Required work ->
Could you transcribe the entries below exactly, starting at the line that contains "a) bioreaktor pracujący" and stopping at the last line, without any pictures?

Data in this exercise ->
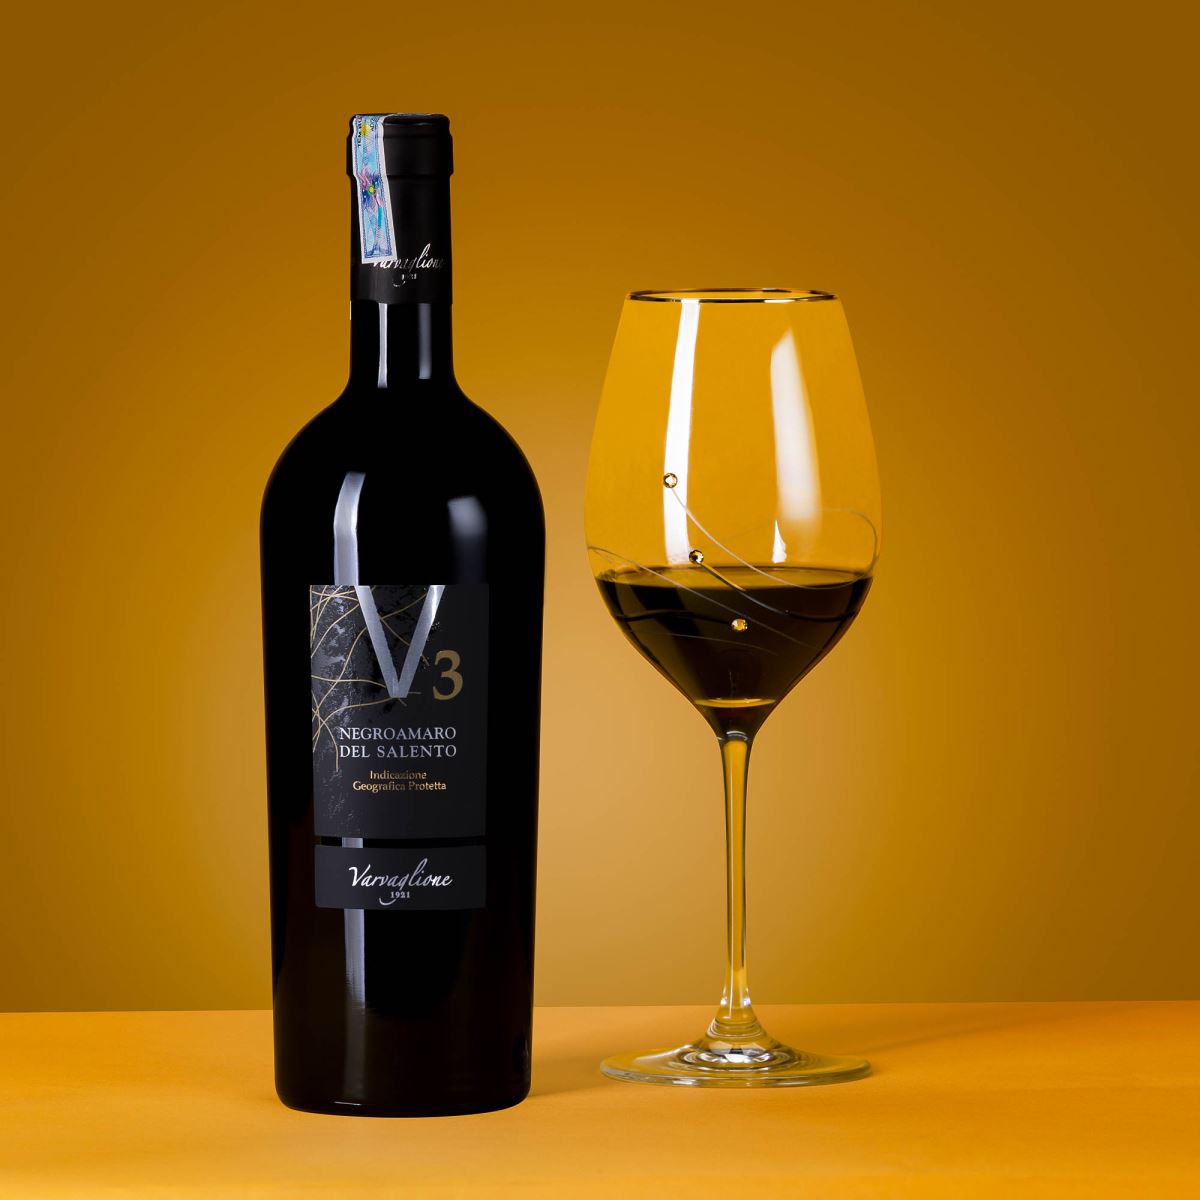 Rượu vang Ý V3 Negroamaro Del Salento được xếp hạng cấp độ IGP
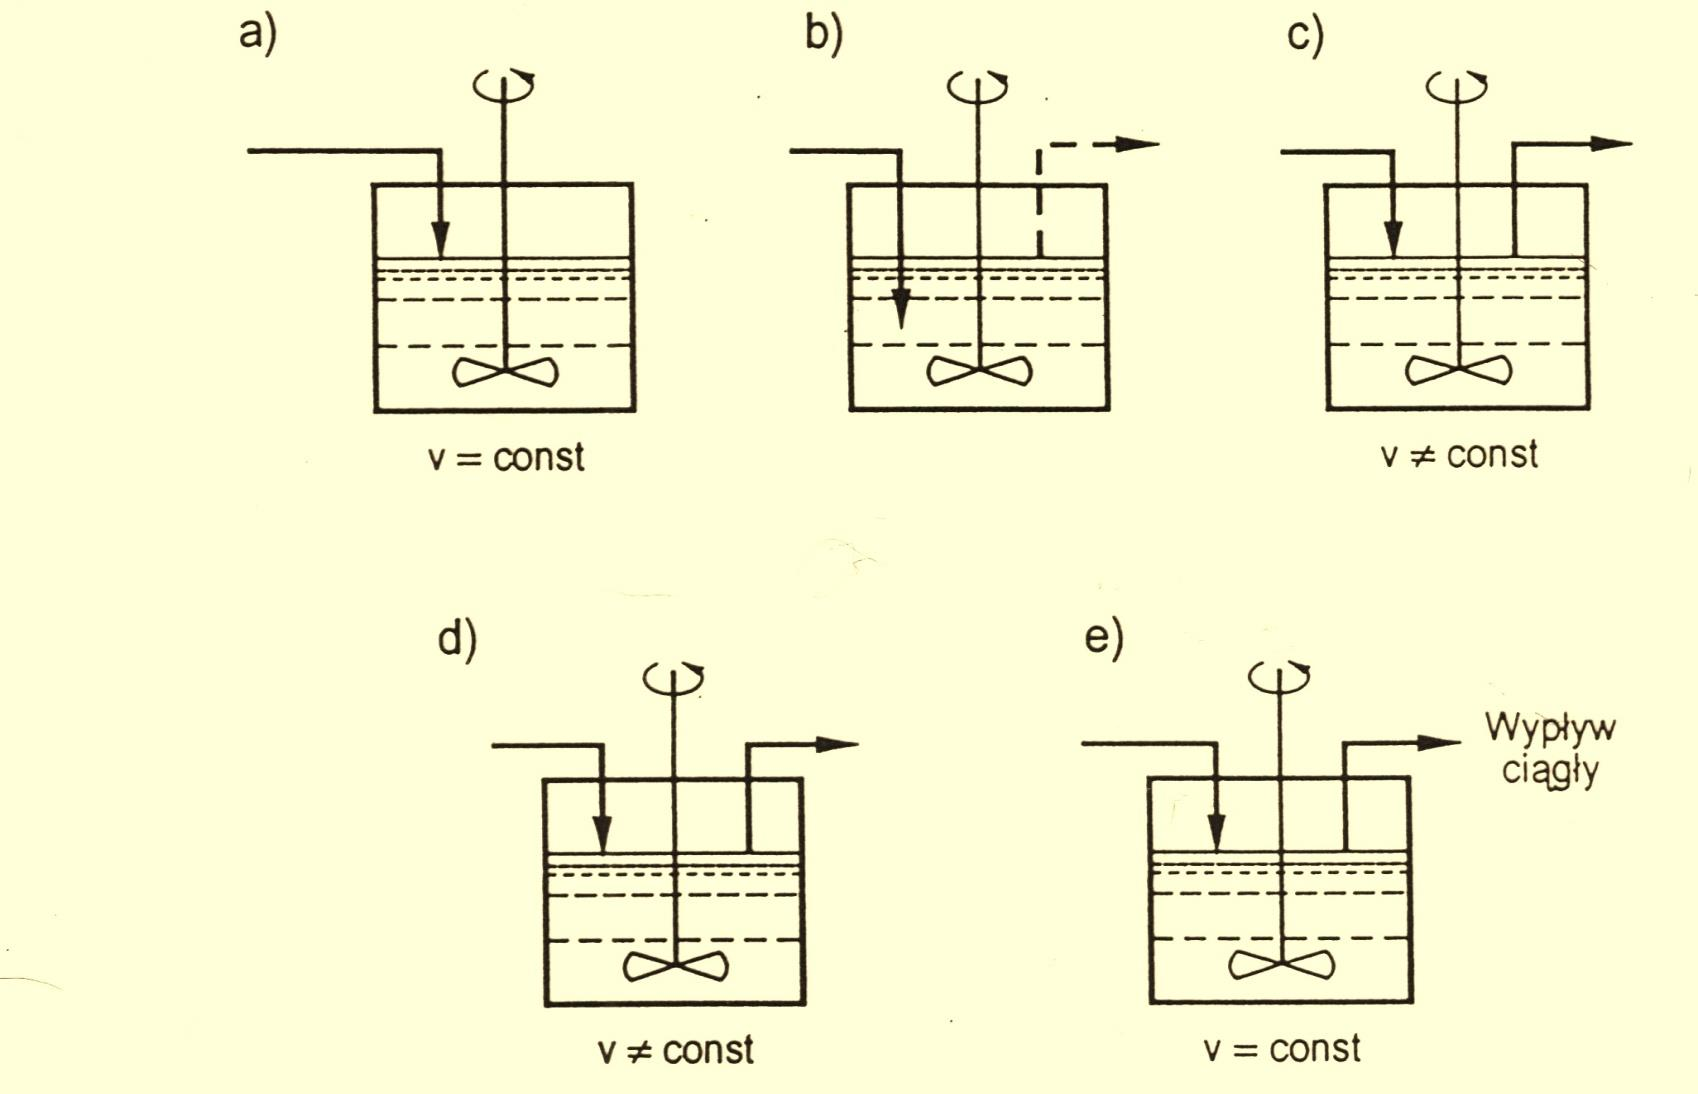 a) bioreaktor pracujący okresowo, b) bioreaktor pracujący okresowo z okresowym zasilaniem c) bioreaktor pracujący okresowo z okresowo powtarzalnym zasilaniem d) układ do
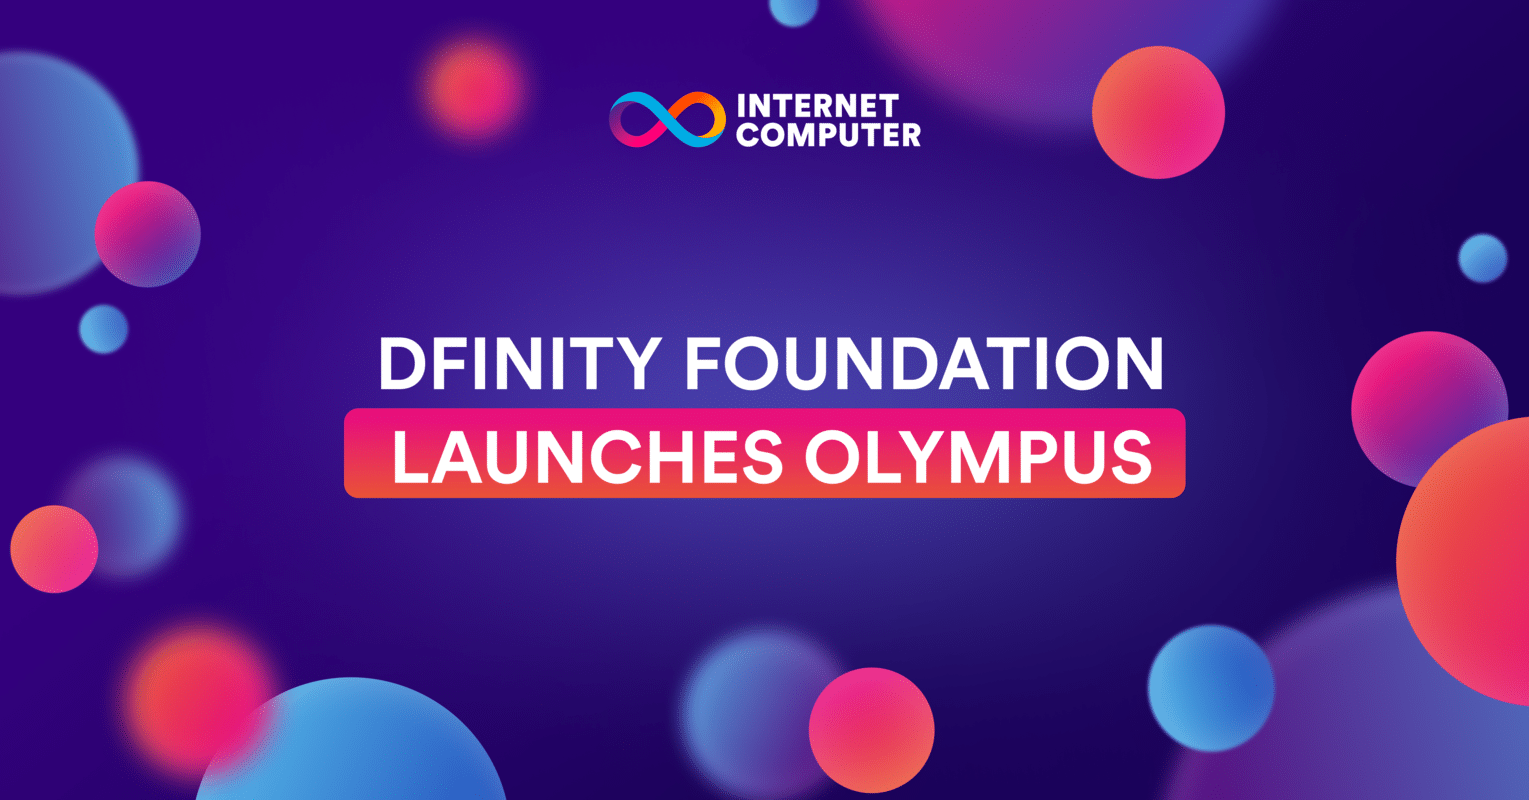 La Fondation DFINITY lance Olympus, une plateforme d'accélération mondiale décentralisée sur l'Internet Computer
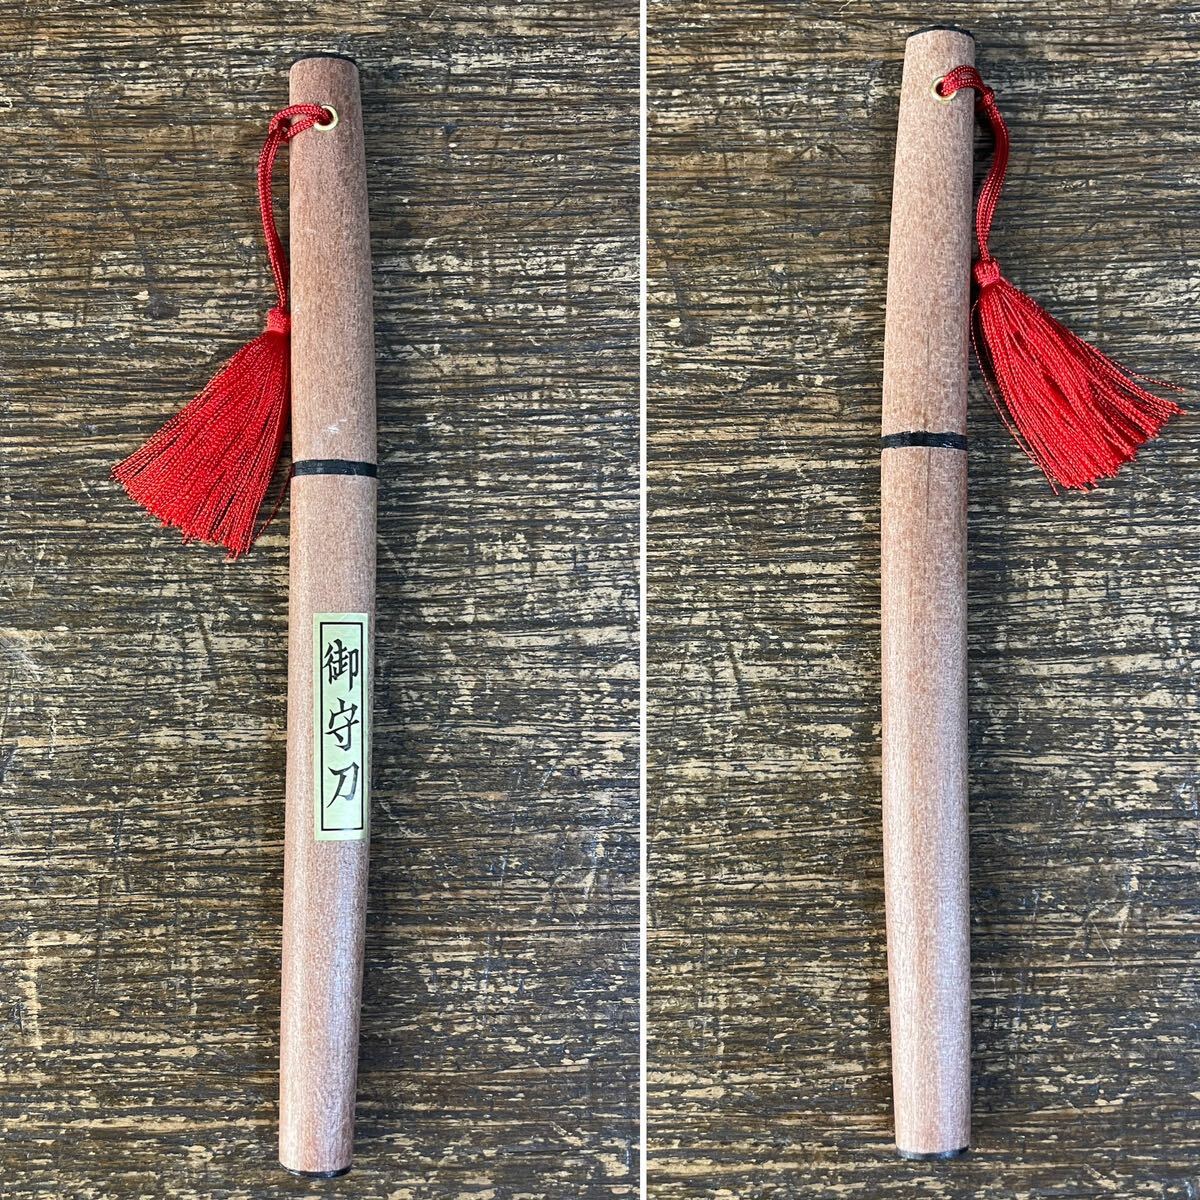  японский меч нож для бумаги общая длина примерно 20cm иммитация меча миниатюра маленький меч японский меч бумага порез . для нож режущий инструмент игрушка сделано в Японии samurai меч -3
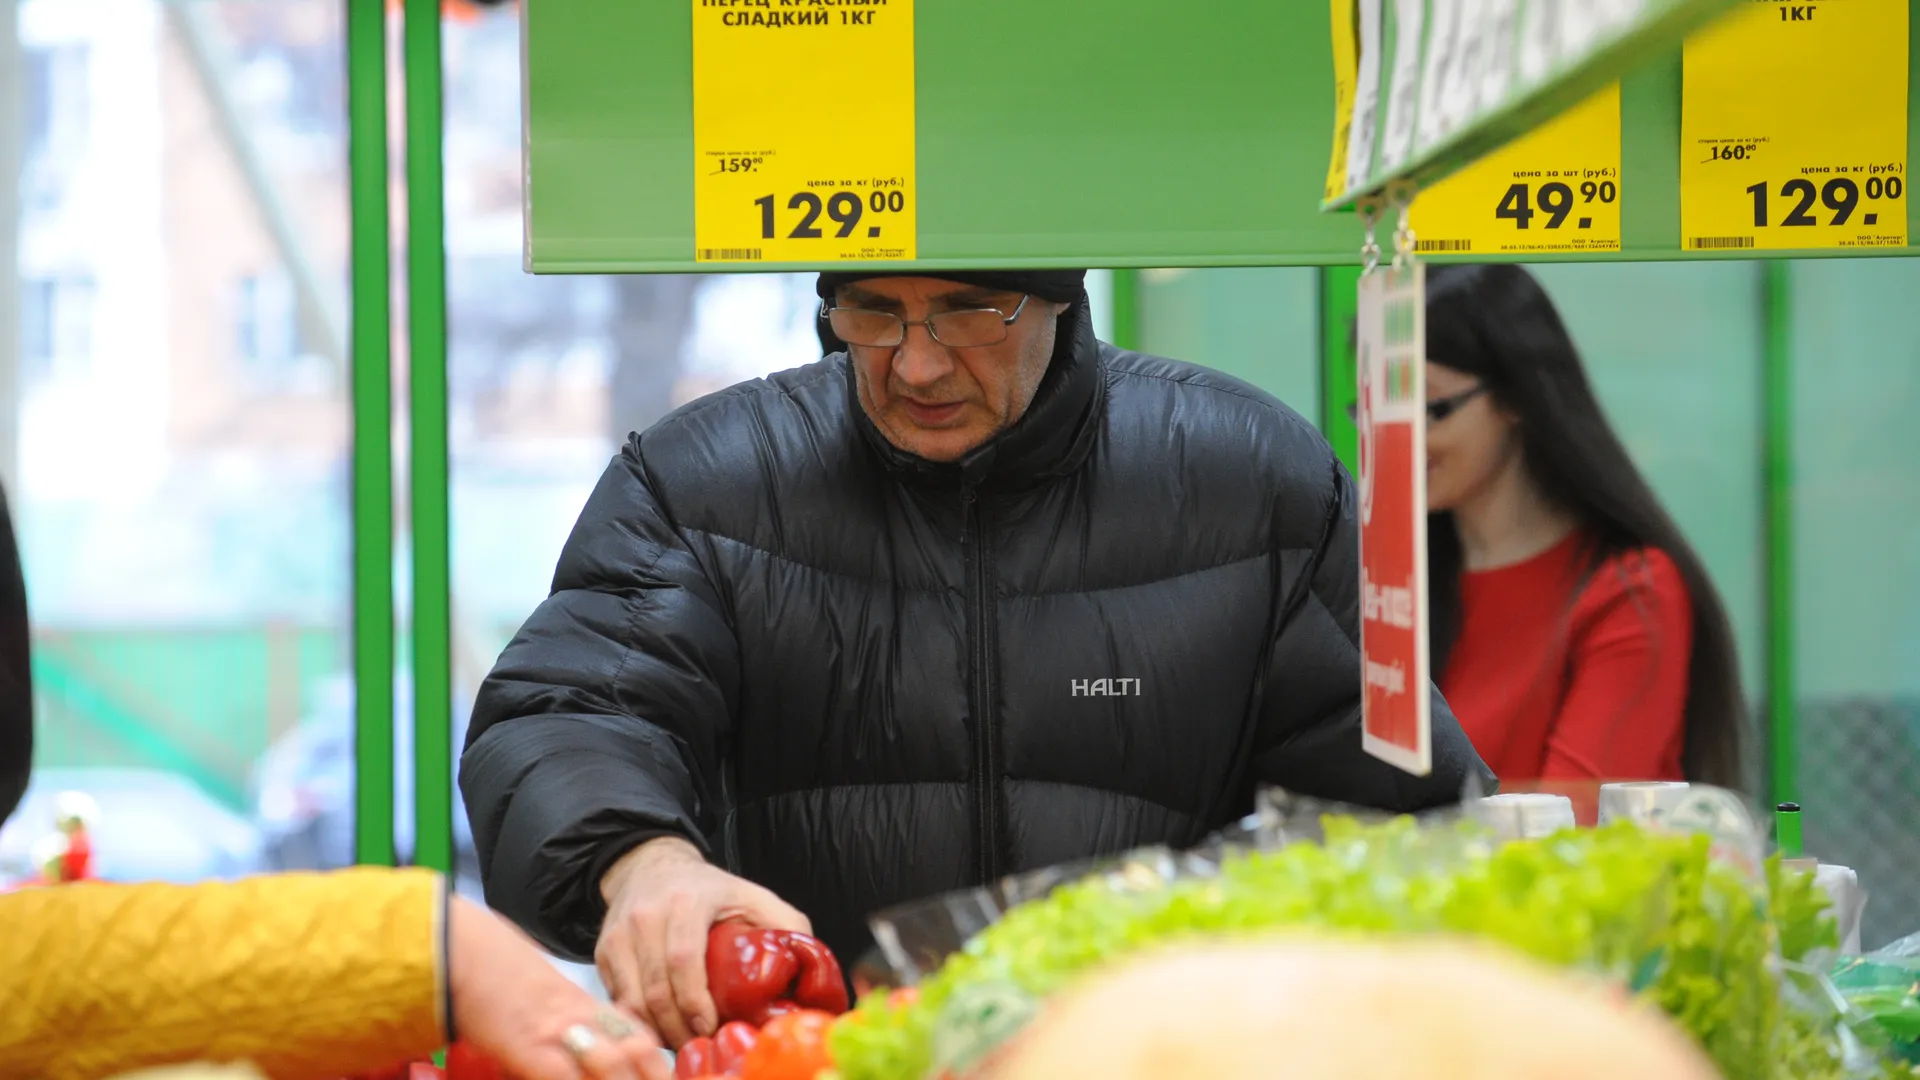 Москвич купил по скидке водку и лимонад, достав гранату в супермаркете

Output of the exercise ->
 a) bioreaktor pracujący okresowo, b) bioreaktor pracujący okresowo z okresowym zasilaniem c) bioreaktor pracujący okresowo z okresowo powtarzalnym zasilaniem d) układ do
 La Fondation DFINITY lance Olympus, une plateforme d'accélération mondiale décentralisée sur l'Internet Computer
  японский меч нож для бумаги общая длина примерно 20cm иммитация меча миниатюра маленький меч японский меч бумага порез . для нож режущий инструмент игрушка сделано в Японии samurai меч -3
 Москвич купил по скидке водку и лимонад, достав гранату в супермаркете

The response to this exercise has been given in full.